Estava distraído, espreguiçado na cadeira da sauna do condomínio, observando aquele senhor, meu vizinho de prédio, parecido com.. já sei! Yves Montand (pelo menos com isso minha mulher concordou). Ele se enxugava depois da chuveirada. Ninguém mais. Eu, único interlocutor de um papo... bem, isso é o que vou contar.
- É, tem muito safa... - Não terminei a frase.
- Isso tudo - ele me atropelava - podia acabar só com 3 leis. A primeira só iria dizer o seguinte: só vota quem paga Imposto de Renda. É uma lei elitista, concordo. Mas acaba com o comércio de voto em troca de telha, tijolo e outras coisas. O cidadão que paga imposto vai votar no político que apresentar a melhor proposta para aplicar o dinheiro que ele pagou.

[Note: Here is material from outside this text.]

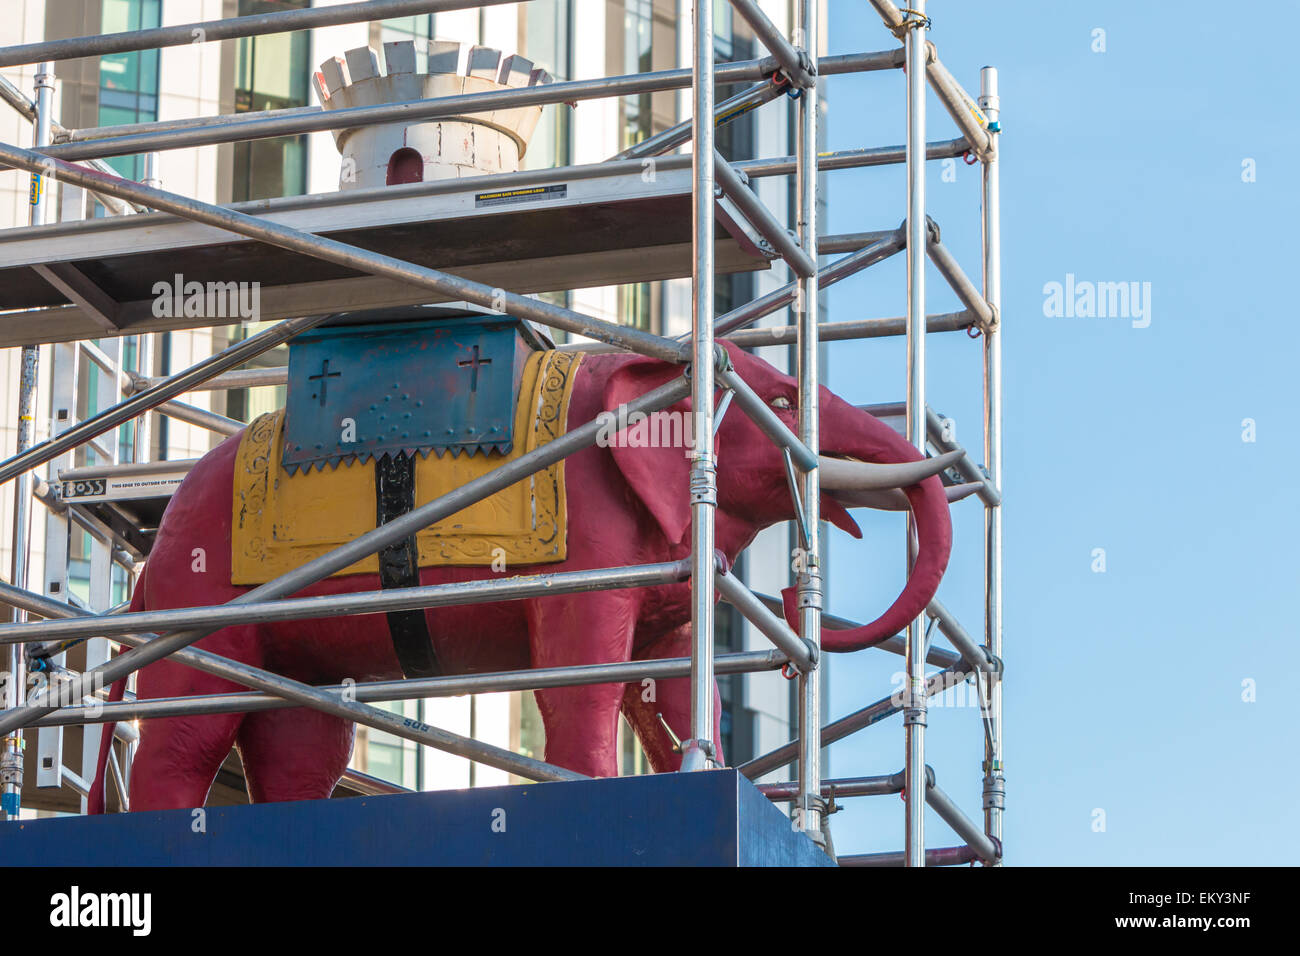 Statue of the Elephant and Castle wrapped in scaffolding before relocation - visual metaphor for the regeneration of the area Stock Photo

E continuou falando, caminhando pra lá e pra cá, e olhando pra mim. Num momento, até curvou-se um pouco para segredar-me ao ouvido a lei tão simples e tão óbvia, talvez com medo de alguém surrupiá-la no ar e se fazer autor e angariar as glórias perante a nação.
Eu me deliciava tanto com seu jeito simpático e sua lei maluca, que não ouvi a segunda. Tento, faz dias, cavucar nos recantos da memória uma ponta, um fio de meada, mas nada. Lamento, mas vou dever ao país o enunciado de uma lei, por certo, tão simples e prática quanto a primeira.
- ... com estas duas - minha atenção voltava ao conteúdo do discurso - só precisaríamos de mais uma. A Suíça, todos sabemos, é depositária de todo o dinheiro sujo e ilegal do mundo, não é? Pois bem, a terceira lei é esta: a Suíça fica obrigada a fornecer os saldos de todo tipo de aplicação financeira dos candidatos a cargos públicos no Brasil. Pronto, não é simples?
Eu ia refutar com o mesmo argumento que deve estar passando pela cabeça do leitor, mas o senhor Que-Parece-Com-Yves-Montand não pretendia dar espaço para o que eu achava ou não de sua idéias. Ele mesmo cuidou de destruir sua formulação.
- Mas como ninguém pode obrigar país nenhum a fazer isto, então, não tem jeito, ano que vem, vai continuar tudo na mesma.
E sem me dar tempo de me surpreender, calçou os chinelos e, indo embora, acrescentou:
- Mas tudo isso é brincadeira. É apenas motivo para desejar um Bom Natal e um Feliz Ano Novo!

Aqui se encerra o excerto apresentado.